In fact there were two distinct camps of forecasters, which suggests the earnings "miss" was a matter of interpretation, and other factors were behind the stock decline.

A Reuters review of 19 predictions heading into Snap's earnings report on Wednesday shows that analysts affiliated with the underwriters of Snap's initial public offering in March had far lower revenue expectations than investment firms not involved in the IPO.

Nine investment firms that were not underwriters predicted on average that Snap's revenue would grow slightly from the prior quarter to $168.4 million (130.68 million pounds), even though the company in its IPO prospectus had estimated a decline due to the seasonal nature of its advertising business.

Analysts affiliated with 10 underwriters forecast on average that revenue would hit $138.4 million, $30 million below the estimate of the non-underwriting firms.

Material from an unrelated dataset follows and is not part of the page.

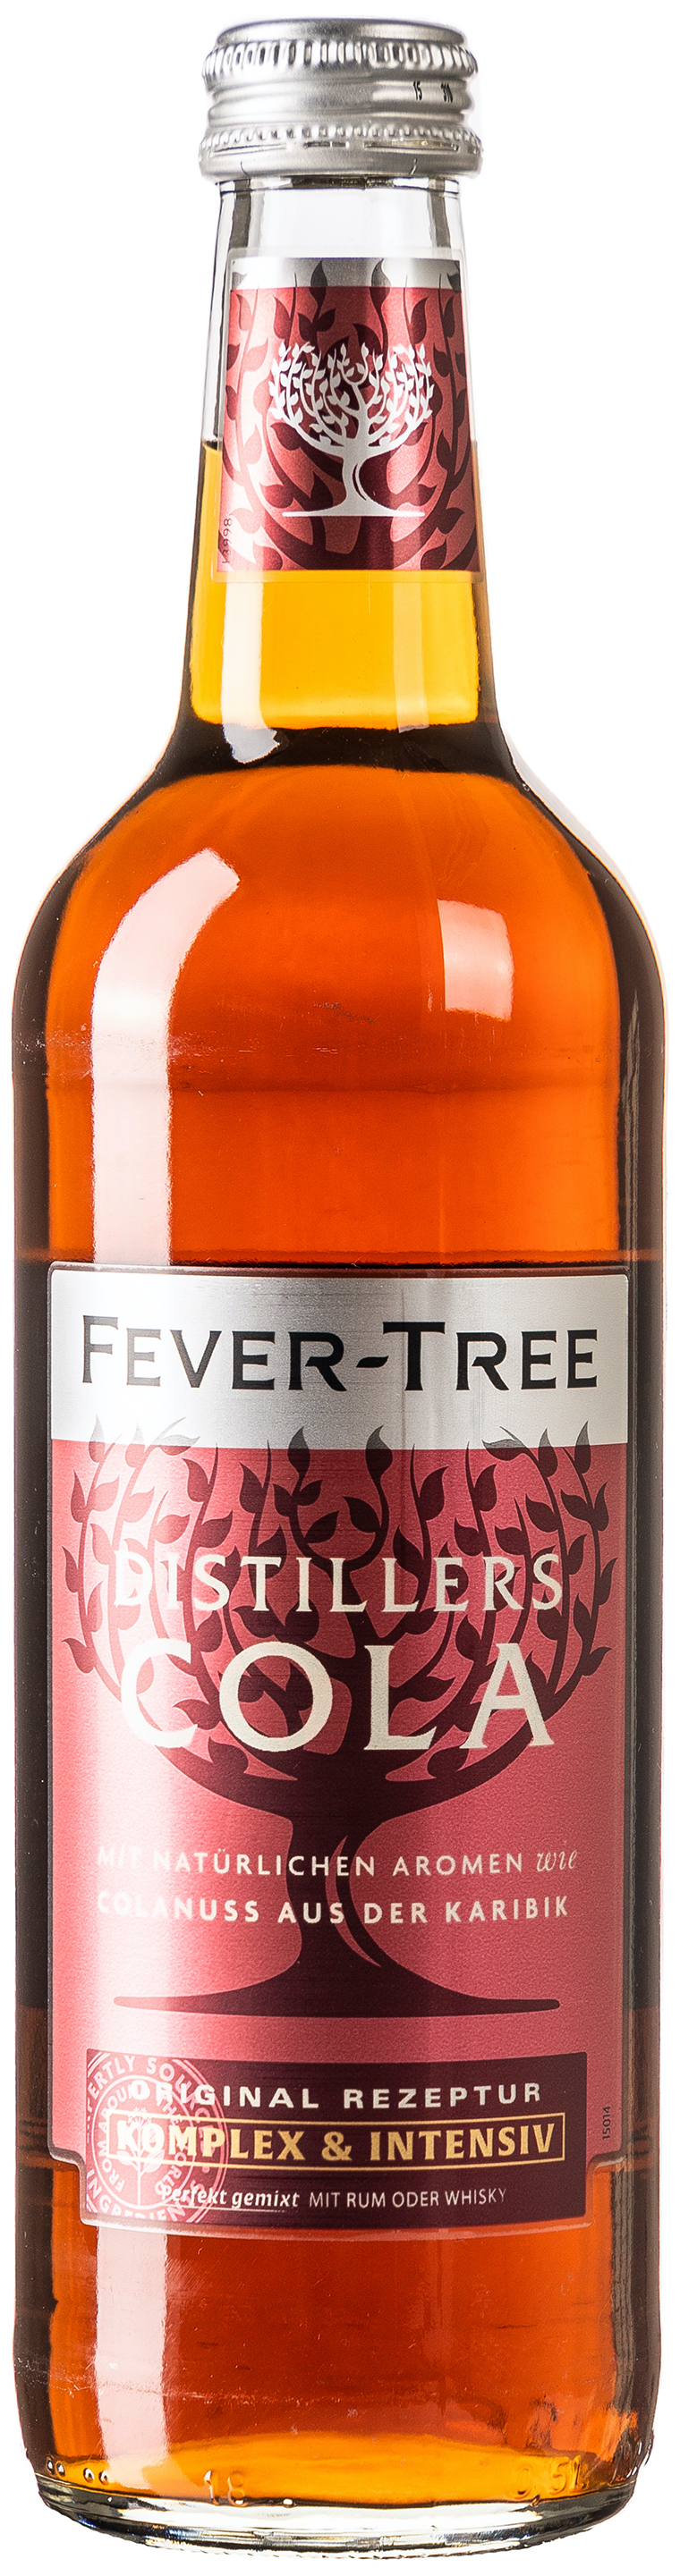 Fever Tree Distillers Cola 0,5L MEHRWEG 

Thomson Reuters I/B/E/S, which like Reuters is a unit of Thomson Reuters Corp, published an analyst average of $158 million.

Just after 1 p.m. Pacific Time (2200 GMT), Snap reported $149.6 million in revenue, well below the average forecast but comfortably beating the estimates of the bullish analysts affiliated with the underwriters.

In principle, all analysts work from the same numbers. But analysts affiliated with Snap's underwriters, for example, may have followed the company for a longer period of time.

At investment firms, stock analysts are walled off from the investment banking business, and there is no evidence they shared information on Snap.

Analysts with "buy" ratings on a stock have an incentive to set quarterly estimates that the company is likely to beat, because upbeat results tend to boost stock prices. But a bearish analyst could be driven to put forward a high estimate that the company is likely to miss.

With the first-quarter reporting season nearly complete, 75 percent of S&P 500 companies' earnings per share beat analysts' expectations, while only 18 percent of companies missed, according to Thomson Reuters I/B/E/S.

"The volatility in the stock was the function of an incredibly difficult setup where the most bullish financial expectations corresponded with the most bearish sentiment," said James Cakmak, an analyst at Monness, Crespi, Hardt & Co. His firm, not an underwriter, expected revenue at $169.9 million.

Going into Snap's earnings announcement after the market close on Wednesday, anticipation was high about what kind of user growth the company's Snapchat messaging app would show and how much ad revenue it was bringing in.

Ahead of time, the Venice, California-based firm said in securities filings that it expected a seasonal decline from its $165.7 million in revenue during the final quarter 2016.

Not everyone believed Snap's warning, though.

"Some people may have taken these words more literally, and some less so," said Shebly Seyrafi, managing director at FBN Securities.

FBN was on the high end of the estimates, at $195.6 million, because "it is not uncommon for high-growth companies to grow through Q1," Seyrafi said in an interview on Thursday.

In Snap's case, it did not, and the stock plunged as much as 24 percent after hours on Wednesday to $17.58. On Friday, it rose 6 percent to $19.14.

But the share reaction cannot really be explained by missed forecasts, because a close reading shows that any shortfall was marginal at best.

© Reuters. Specialist traders work at the post where Snap Inc. is traded on the floor  of the NYSE in New York

Snap seemed to have missed a different kind of expectation, or maybe hope, that it would blow past forecasts. When that did not happen, the stock sank.